Sounds great, thanks Kathleen. I'll let you know how I get on

Hi Annabel,  Would you consider hand marbled feathers a combo of colors that include green? Here are some of mine. The swan feathers are 11" to 13", the cockatoo feathers are head feathers. These are real feathers, permanent paint, and the paint is waterproof. They are non-delicate. I have many more feathers in my shop that combine bright green with other lovely colors. If you are interested pls take a look: www.QuillnAros.etsy.com/ .   Ely

oops, sorry I didnt mean to make these so big!

Wow... beautiful feathers!

They're not quite what I was after but are really stunning. Its given me an idea for another project!
I'll definately have a look on etsy.
Thanks Ellen

also Pro Chemical and Dye, I purchase my marble colors from both Dharma Trading and Pro chemical. Elin Noble who is their experimentor wrote a book "Dyes and Paints". It is my bible for sure. Ely

From the Twittersphere...

I've heard a product called Design Master is pretty good.  http://www.torbandreiner.com/online-shop-1/millinery-essentials/des...

I haven't used it myself, but it has been recemmended by a highly skilled milliner and I've seen feathers which have been dyed with it and they looked brilliant (although not green). 

Hope this helps :) 

Design Master is an aerosol spray Greer I do use it but never without using my Workstation for fume extraction plus gloves -it warns that it must not have contact with skin. The smell gives an instant headache. If you read the label it warns can defat (=braincells) & affects blood ( big C??)

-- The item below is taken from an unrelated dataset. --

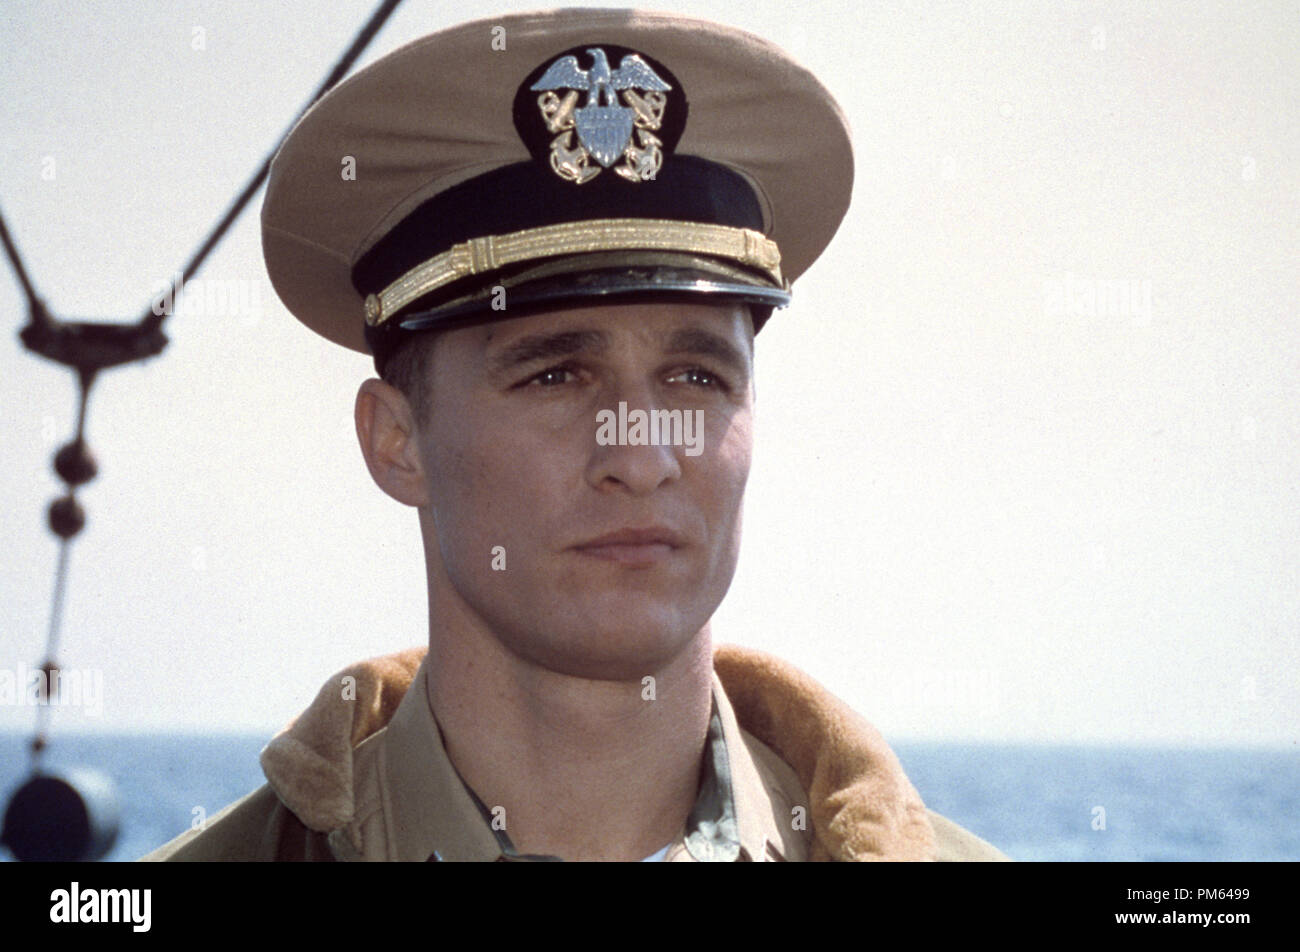 Film Still / Werbung Stills aus "U-571" Matthew McConaughey © 2000 Universal Pictures Photo Credit: Mario den Tursi Datei Referenz # 30846034 THA nur für redaktionelle Verwendung - Alle Rechte vorbehalten Stockfoto
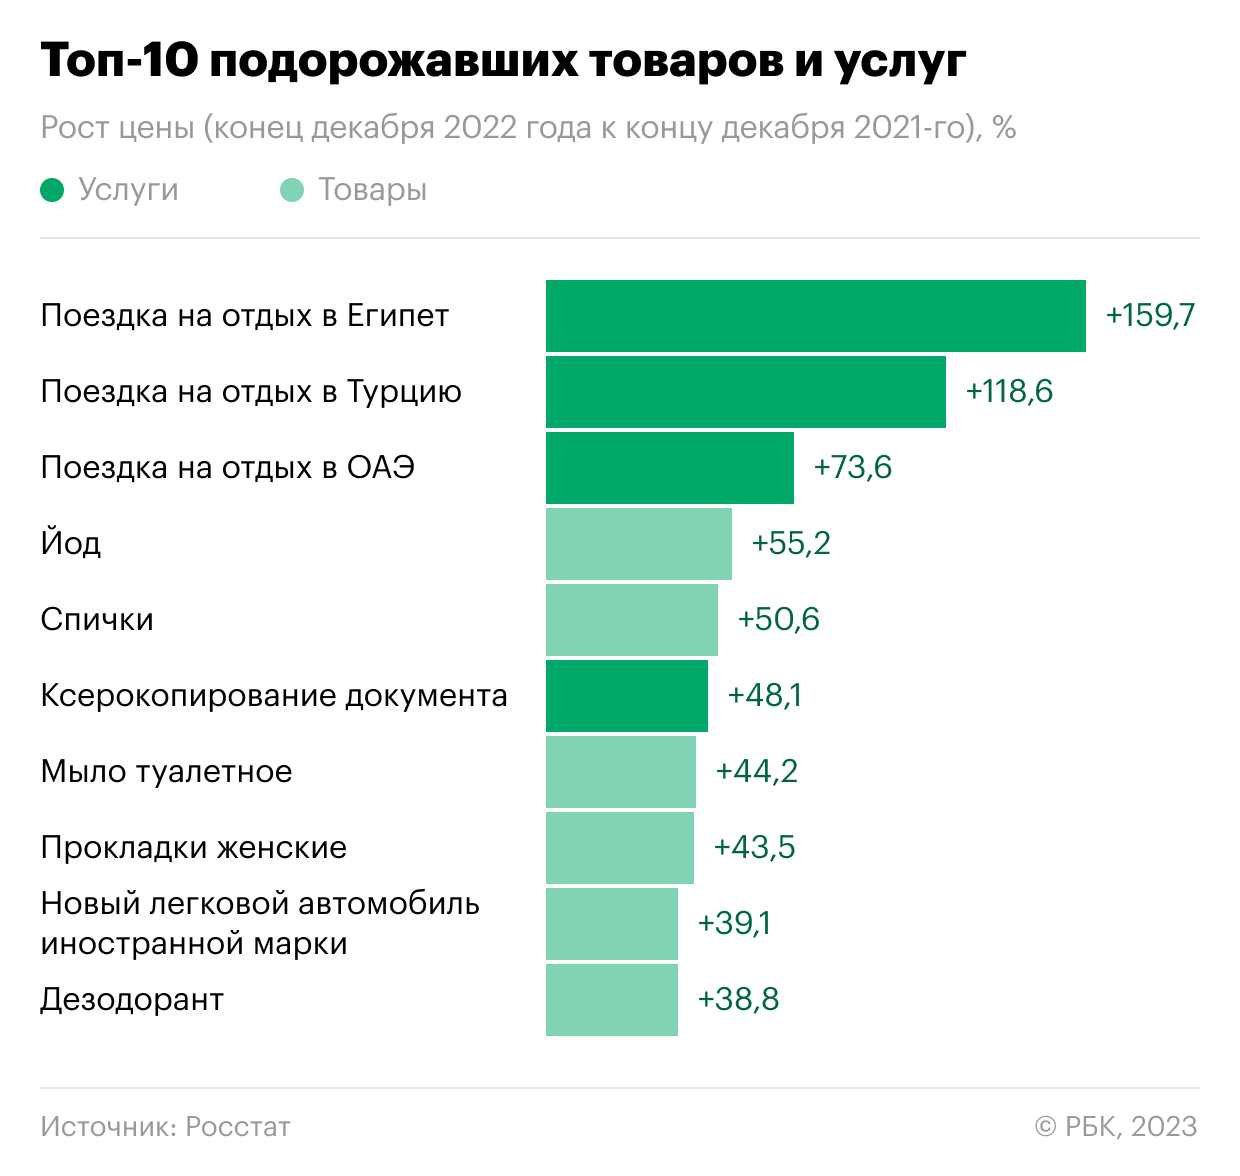 Топ-10 самых подорожавших и подешевевших товаров в России за 2022 год

It is worst of all chemicals used in millinery & florist industry. When I developed allergic asthma about 15yrs ago Dr sent labels of products I was using to Poisons Info Centre and Design Master came back as most dangerous next to stiffener then 450 glue. Dr told me to get a fume cupboard. We need to take care. The Qld Museum purchased one of our workstations (check it in supplies) for classes. Free to view Video on how it works coming soon. 

Thanks Elaine - I've never used it, but knew it was dangerous.  Didn't realise it was up there with stiffener and 450 though.  I've got a lung disease too - Pulmonary Fibrosis - and because of this, take special care.  I don't have a fume cupboard, but always go outdoors on a breezy day for and stiffening or gluing.    A warning to all of us though!   

I should also warn people too that my lung specialist told me that the disposable masks that are available from harware stores are for dust protection - do not protect from chemical inhalation -you need a special filter mask for chemicals. 

 

I cant believe this topic ois here, I spent all week-end dying feathers GREEN. bright Lime Green !

It took about 15 dye baths before I got the color just right

I used Rit Dye, because I could color match it from their website. I did end up adding more Yellow to my Dye bath to get the bright Lime I wanted.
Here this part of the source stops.